>>
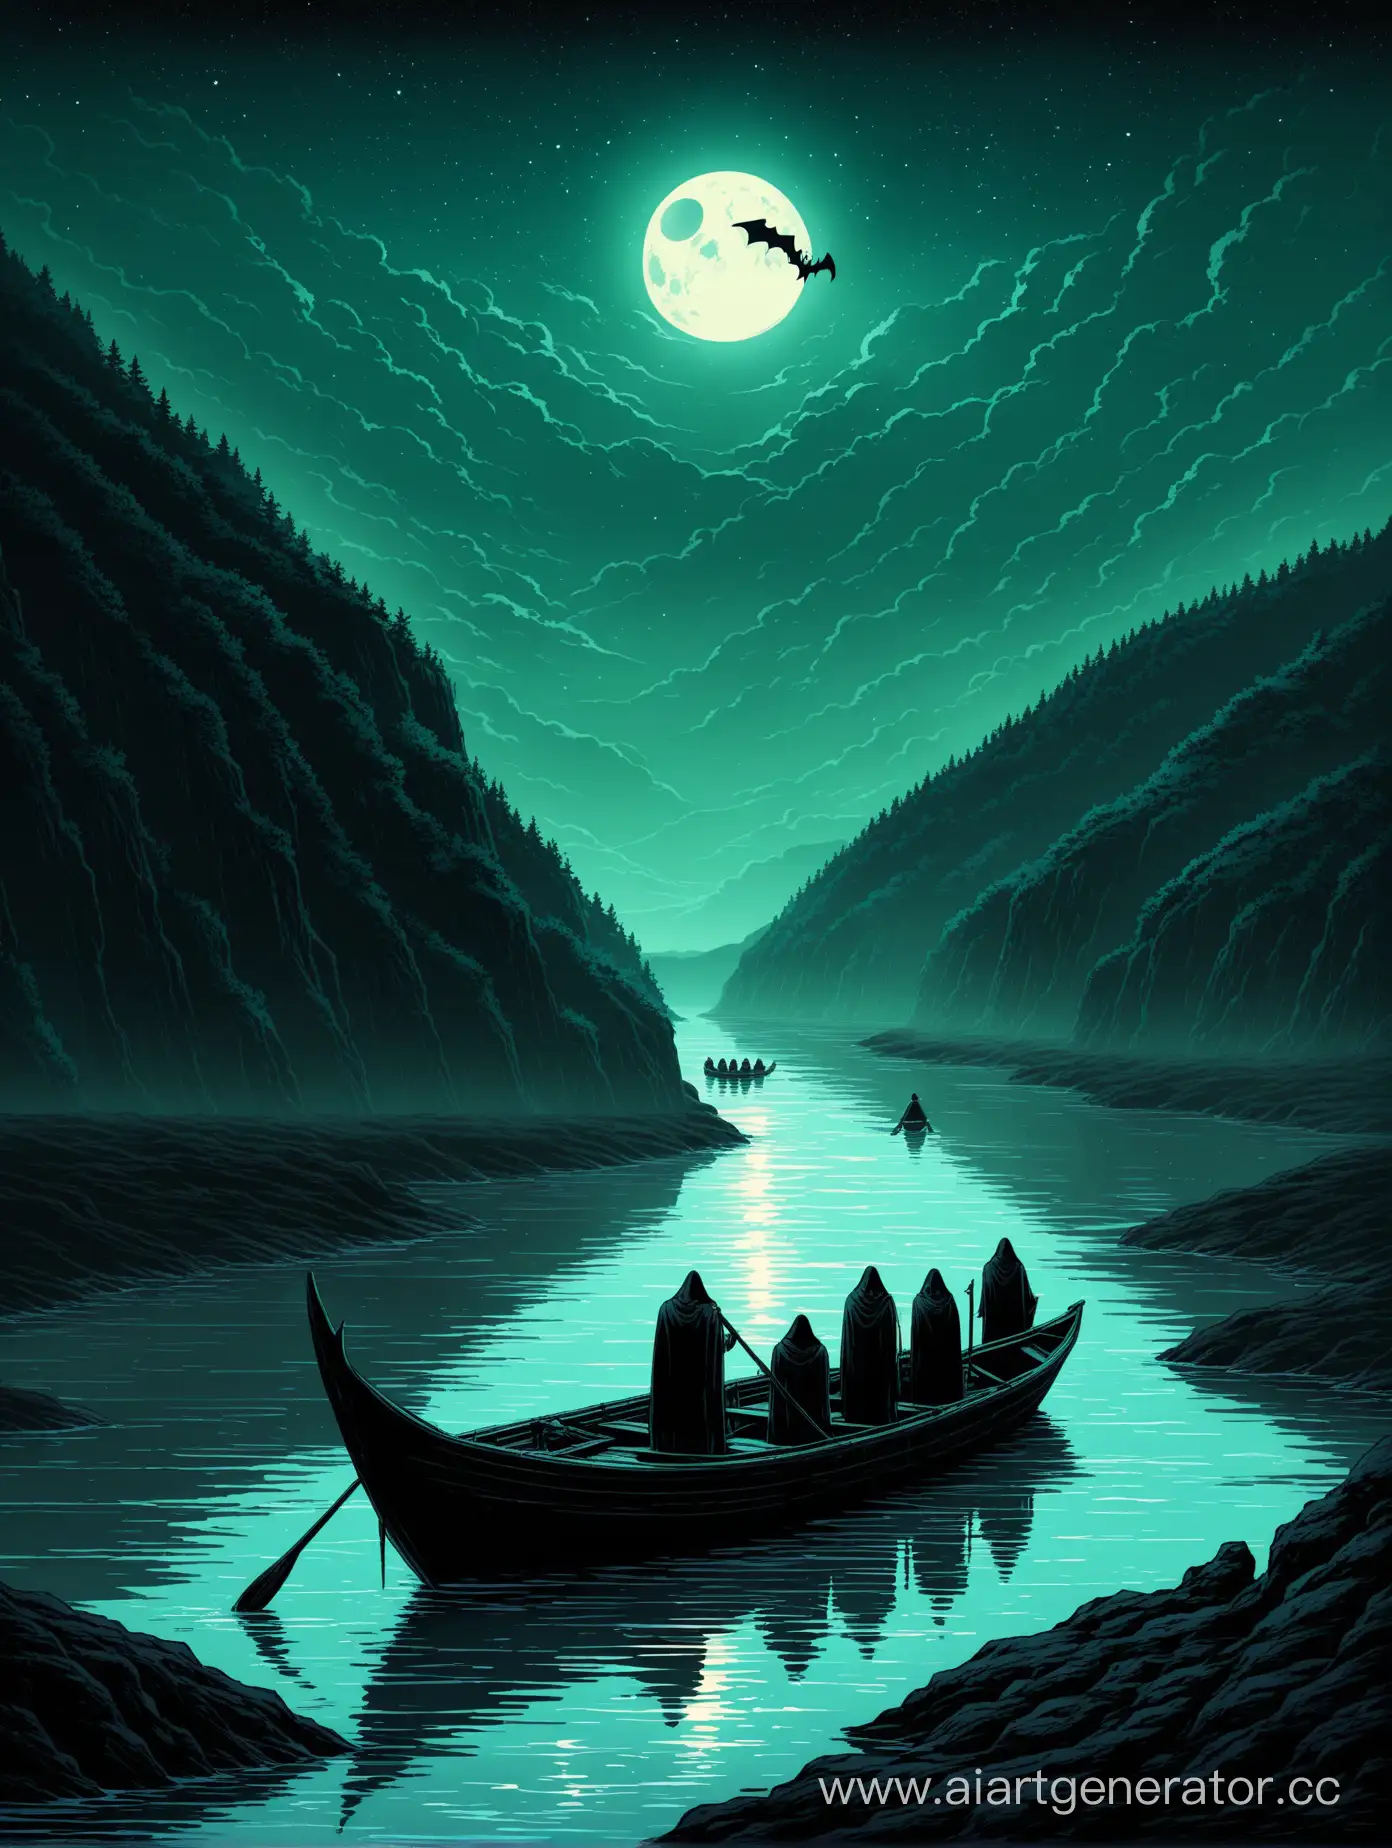 Предместья реки Стикс. Черная вода. Лодка с хароном. Каменистый берег. Пятеро человек в лодке. 
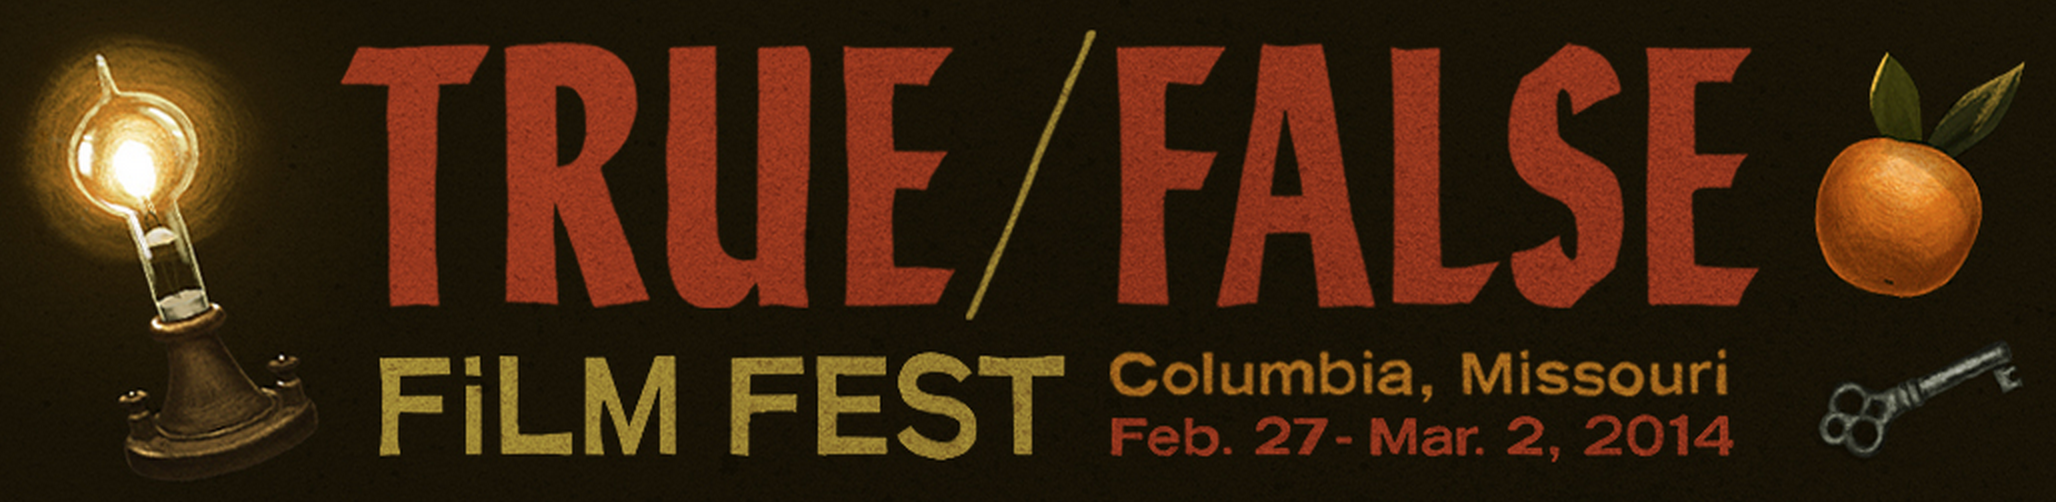 True/False Film Fest
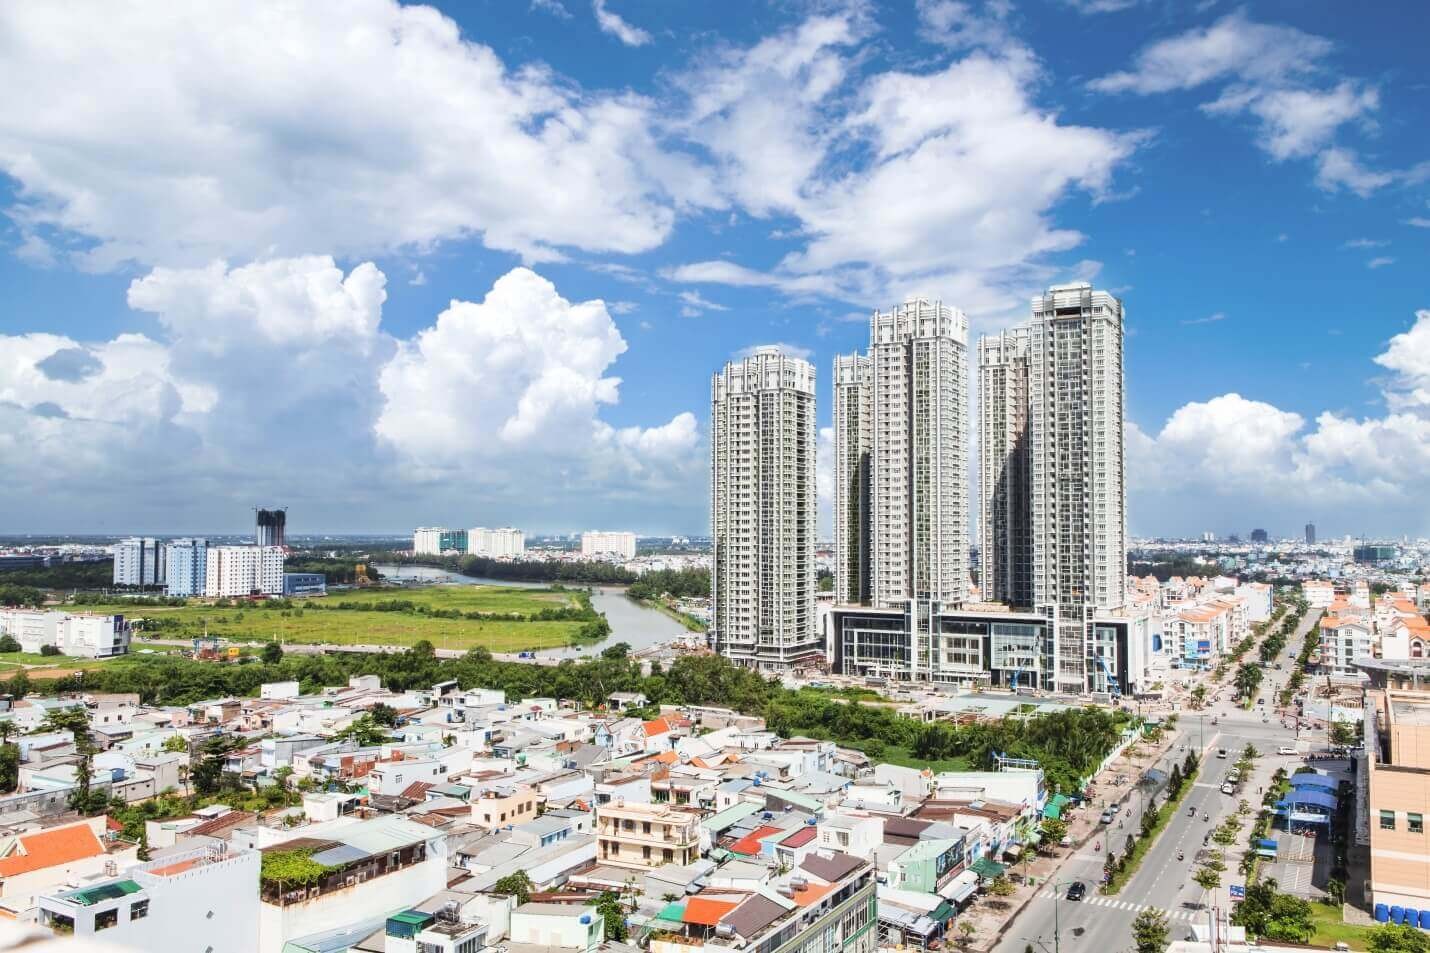 
Quyết định siết cao ốc sẽ tác động mạnh đến thị trường bất động sản TP. Hồ Chí Minh.
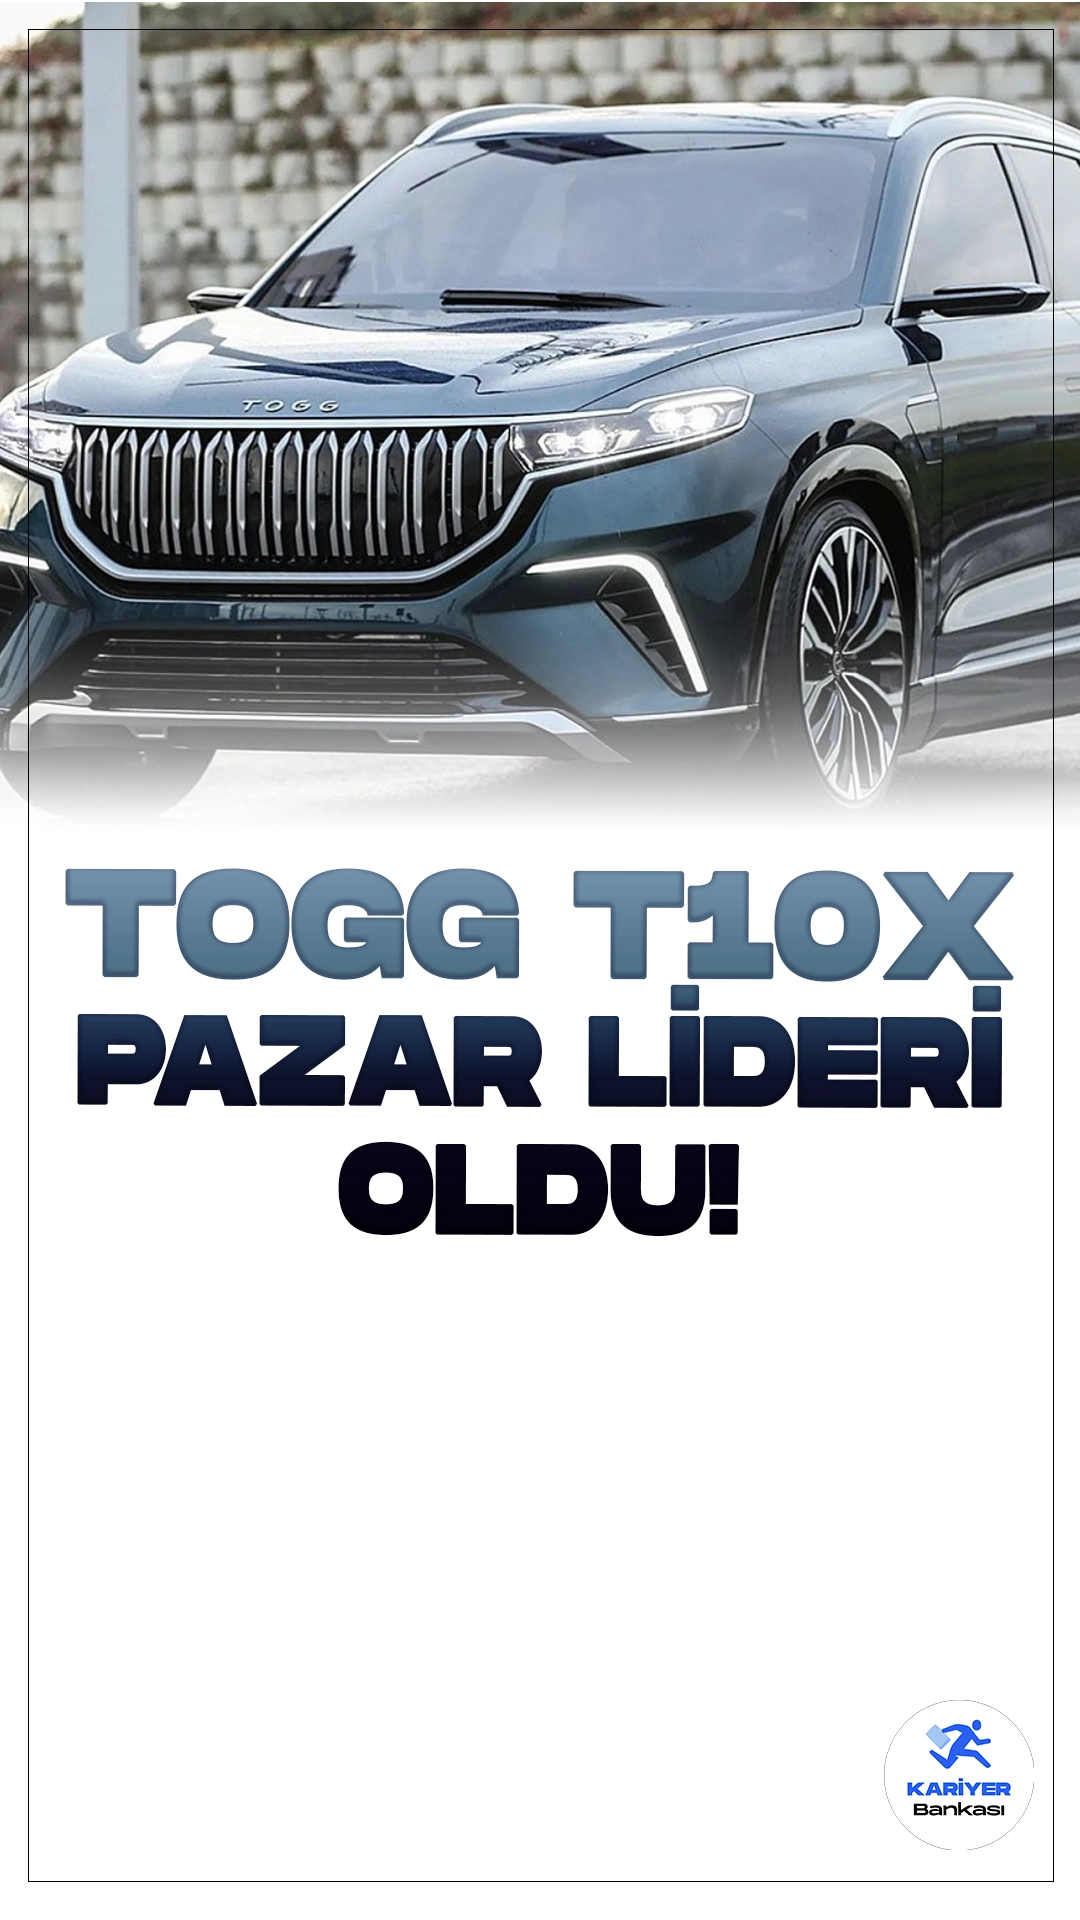 Togg T10X Elektrikli Otomobil Satışlarında Pazar Lideri.Elektrikli otomobil markaları arasında yükselişini sürdüren Togg, mayıs ayında da pazar liderliğini sürdürdü. Togg, geçen ay 4 bin 140 adetlik satışla en yakın rakibine 3 bin 590 adet fark attı.
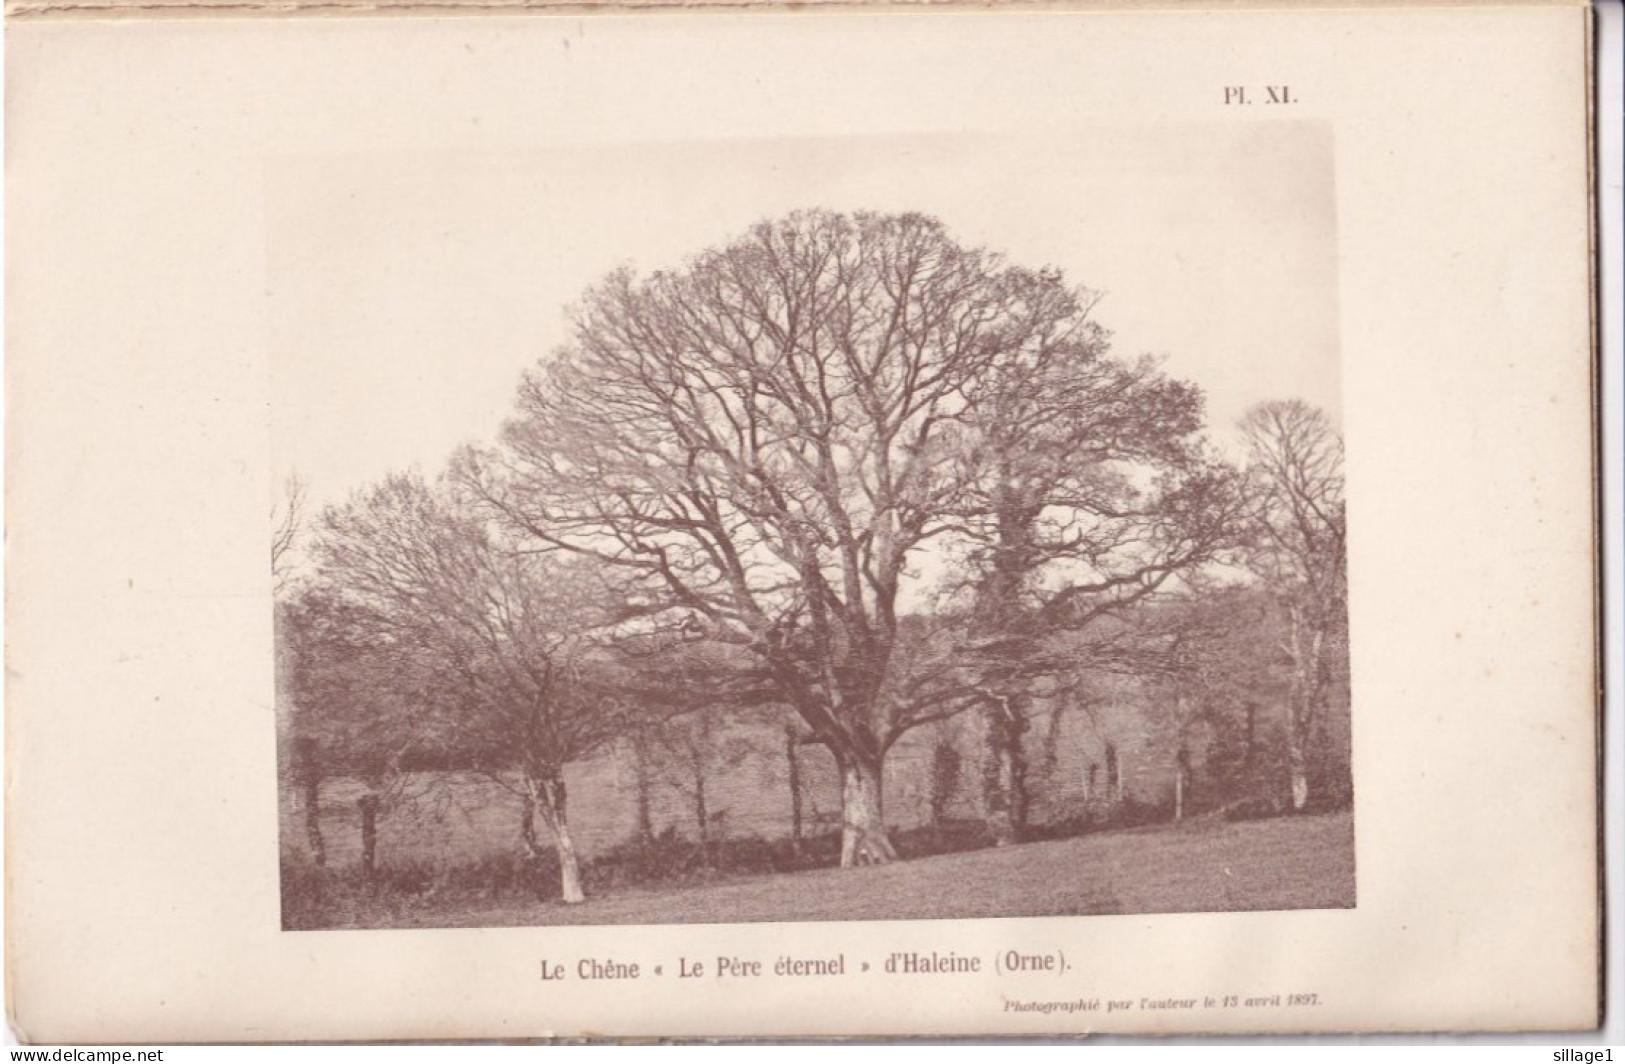 Haleine (Orne 61) Le Chêne " Le Père éternel " D'Haleine  (Orne) - Photographié Le 13 Avril 1897 - Andere Pläne
<<
What this task involves>
The output should be the material above, copied exactly, without its pictures.

Answer to this task>
 Предместья реки Стикс. Черная вода. Лодка с хароном. Каменистый берег. Пятеро человек в лодке. 
 True/False Film Fest
Quyết định siết cao ốc sẽ tác động mạnh đến thị trường bất động sản TP. Hồ Chí Minh.
 Togg T10X Elektrikli Otomobil Satışlarında Pazar Lideri.Elektrikli otomobil markaları arasında yükselişini sürdüren Togg, mayıs ayında da pazar liderliğini sürdürdü. Togg, geçen ay 4 bin 140 adetlik satışla en yakın rakibine 3 bin 590 adet fark attı.
 Haleine (Orne 61) Le Chêne " Le Père éternel " D'Haleine  (Orne) - Photographié Le 13 Avril 1897 - Andere Pläne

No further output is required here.